The castle stands on a steep and long rocky headland, which is lined with Vltava from the south. The bridge over the Bear Moat leads through the passage to the Lower Castle, on the left side is the oldest part of the castle (Hrádek), an old palace with a tower from the 13th century and paintings from 1580. From the tower is a beautiful view of the castle and the city. The eastern and northern wing of the irregular large courtyard of the Lower Castle consists of a burgrave's house from 1578. In the middle of the courtyard is a stone fountain from 1641. Across another moat a brick bridge leads to the Upper Castle, the Rosenberg Palace. The unique five-story Cloak Bridge over a deep carved moat from 1764 connects Upper Castle with the castle theater building and gardens.
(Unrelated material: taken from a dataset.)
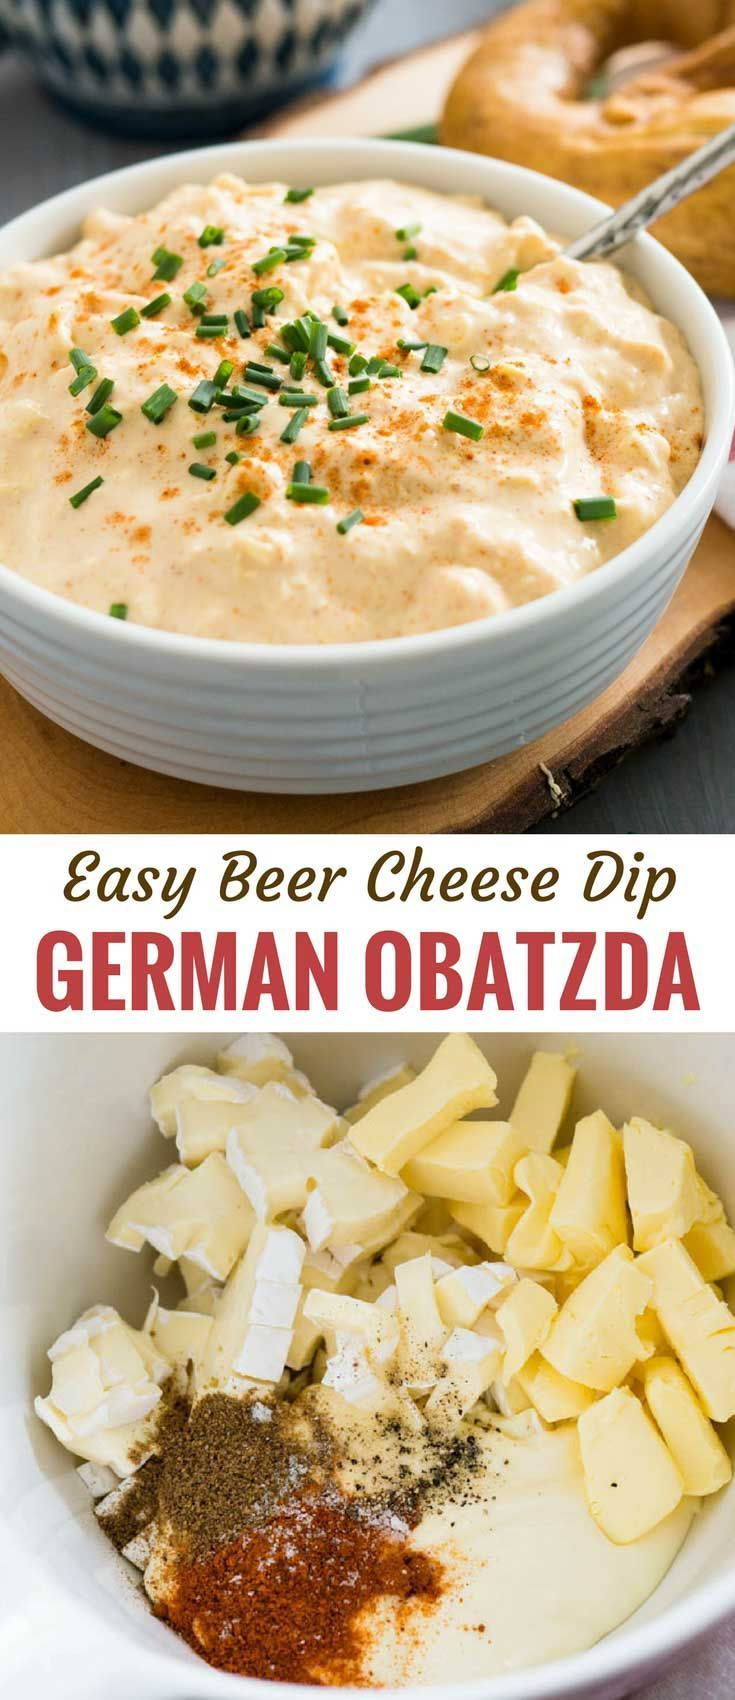 Obatzda Recipe (German Beer Cheese Dip) | Plated Cravings
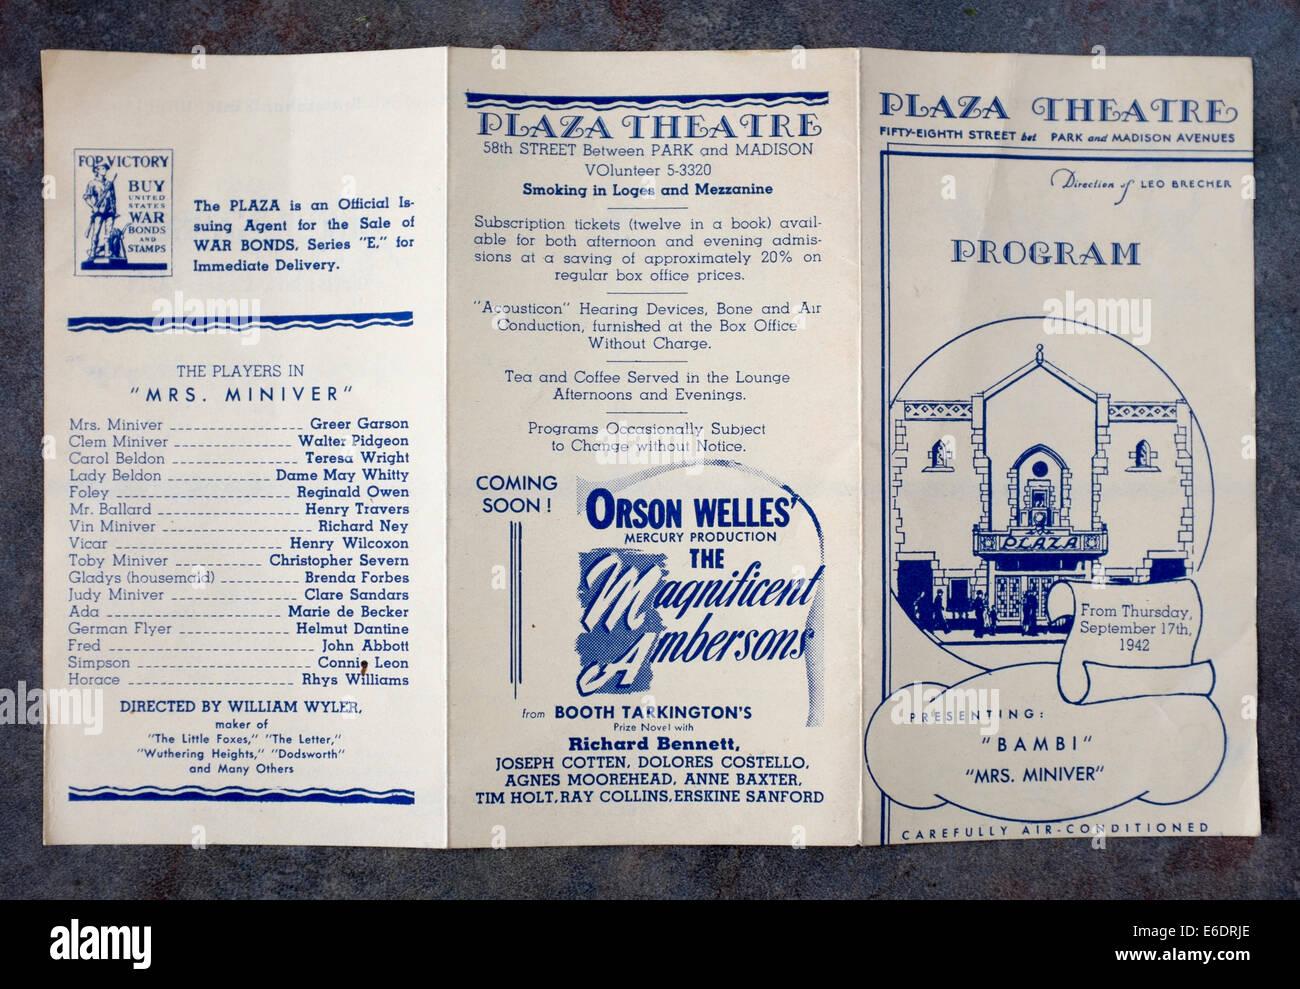 Theatre Program Stock Photos Images Alamy 1940s Old Fuse Box Vintage New York City Plaza Cinema Image

The Český Krumlov Baroque Theatre from 1767 is one of the best preserved Baroque theatres in the world. It is comparable in Europe with only a few theaters, such as the Swedish Royal Drottningholm Palace Theatre, the Queen's Theater in Palace of Versailles and the Margravial Opera House, whereas the Český Krumlov theater is the best preserved of them in its original form. To the west are the castle gardens in the late baroque style with a cascade fountain from the middle of the 18th century. In the gardens is since 1959 located the revolving auditorium.

The White Lady supposedly used to appear at the Český Krumlov Castle. It is said that it is the ghost of Perchta of Rosenberg, her mysterious image hangs on the wall in the castle.